Ocular, Thromboembolic, and Hematologic Effects

Retinopathy has been reported in women given high doses of tamoxifen,  but reports of ocular toxicity with conventional doses in randomized trials are inconsistent.  In one large trial and in preliminary results from the tamoxifen prevention trial, no vision-threatening toxic effects were found, but among women with preexisting cataracts there was a slightly increased risk of posterior subcapsular opacities and a slightly increased need for cataract surgery in those receiving tamoxifen.

An increased incidence of thromboembolic phenomena has also been attributed to tamoxifen in some but not all studies, especially when tamoxifen is combined with chemotherapy.  This complication occurs in fewer than 1 percent of patients given tamoxifen, but deaths due to thromboembolism have been reported.  Many of the patients described had superficial phlebitis and did not require hospitalization. Moderate thrombocytopenia and leukopenia have been reported with tamoxifen, but they rarely require cessation of therapy.

Endometrial Cancer

The most serious adverse effect of tamoxifen is its potential tumor-promoting activity.   An increased incidence of liver tumors has been reported in rats, (but only a few cases of hepatoma have ever been reported in humans taking tamoxifen.  More serious is an increased incidence of endometrial cancer, similar to that in women receiving estrogen-replacement therapy; it has been reported in some but not all tamoxifen trials and may be related more to tamoxifen's estrogenic activity than to any direct carcinogenic effects. Nearly all reported endometrial cancers have been in postmenopausal women. In a large five-year trial of tamoxifen, the annual hazard rate was 1.7 per 1000 women, a relative risk of 2.2 as compared with population-based rates of endometrial cancer. Most of the cancers were of a low stage and grade, similar to those associated with estrogen therapy. In the most recent meta-analysis, the incidence of endometrial cancer was increased and the risk of mortality from endometrial cancer was slightly increased, especially with prolonged treatment.

Endometrial hyperplasia, the development of polyps, an increase in endometrial thickness, and ovarian cysts have also been attributed to tamoxifen.

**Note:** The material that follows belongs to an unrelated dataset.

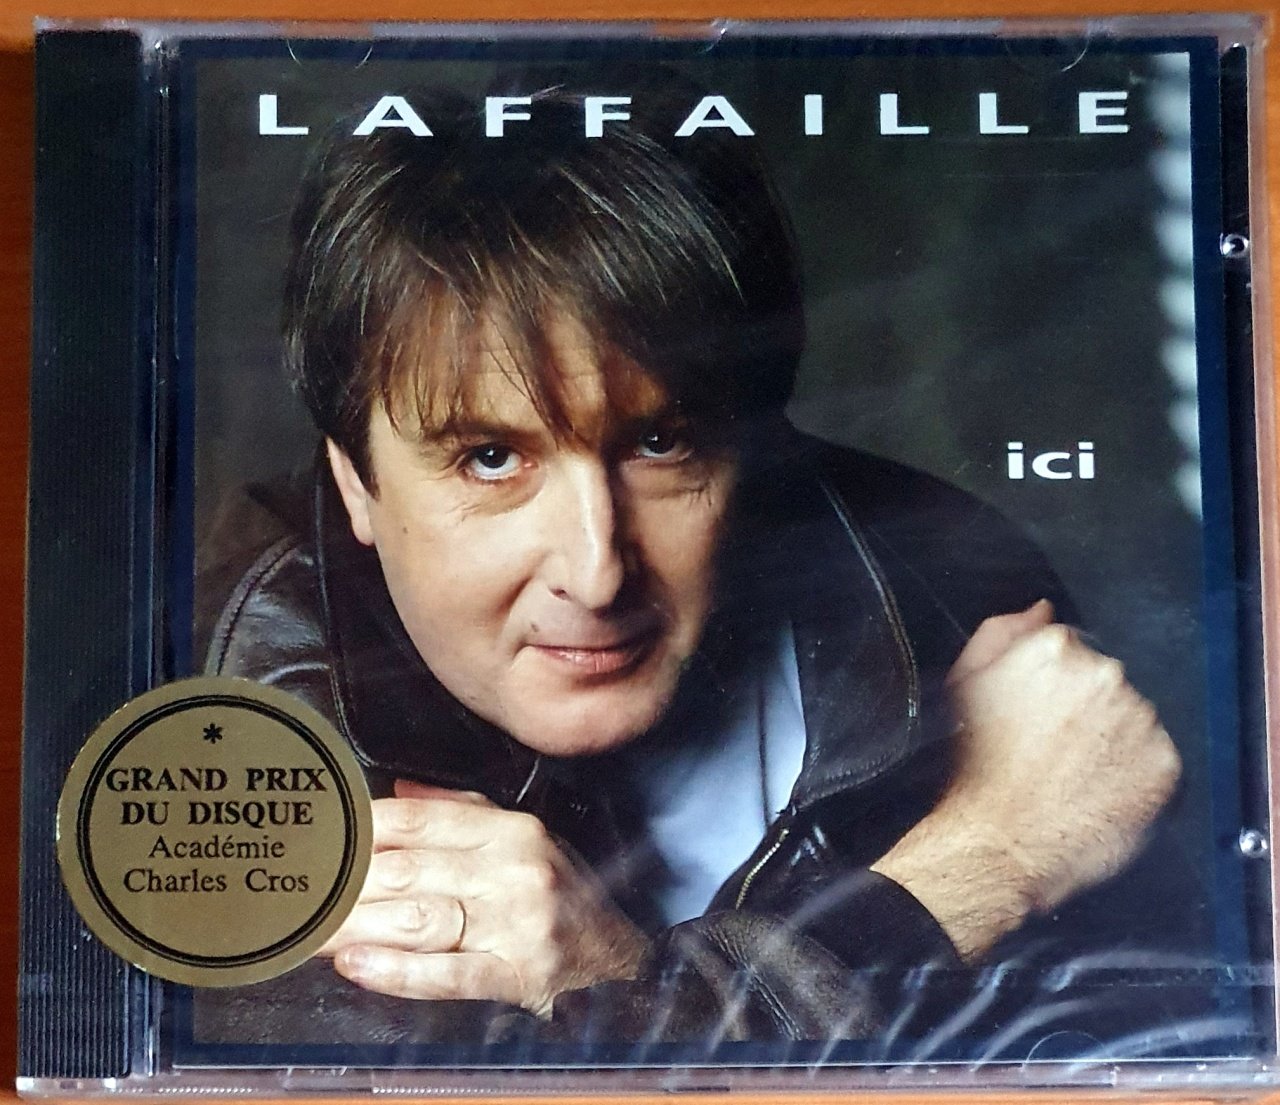 GILBERT LAFFAILLE - ICI (1994) - CD AMBALAJINDA SIFIR
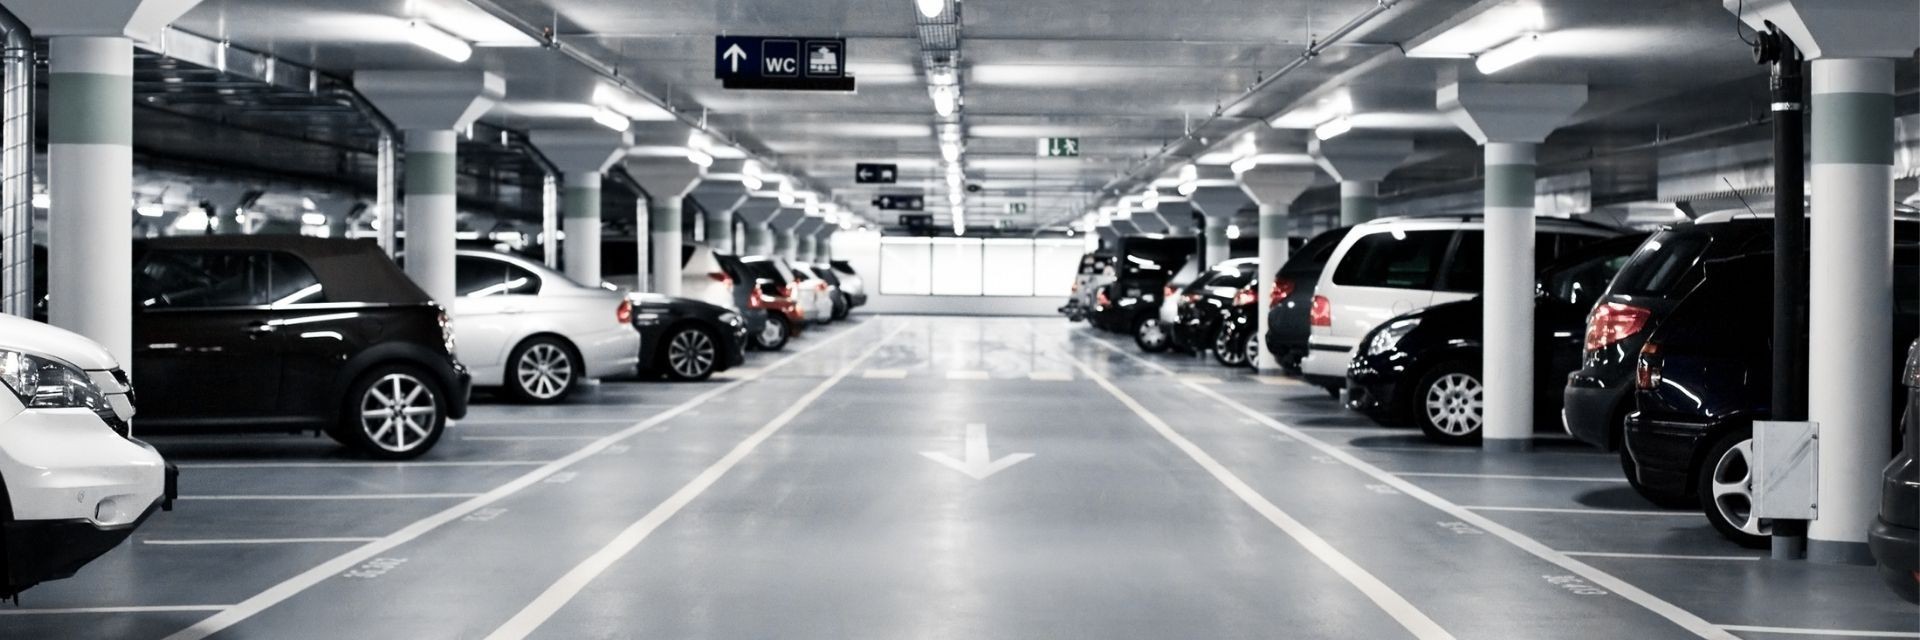 Well-lit parking garage

The value of routine screening for endometrial cancer in women receiving tamoxifen has not been established, but certainly any woman with unusual vaginal discharge or bleeding should be promptly evaluated. The large prospective trials of tamoxifen did not find a significantly increased incidence of other solid tumors,  and the reduction in the incidence of contralateral breast cancer (a more lethal disease) is about twice as large as the increase in the incidence of endometrial cancer.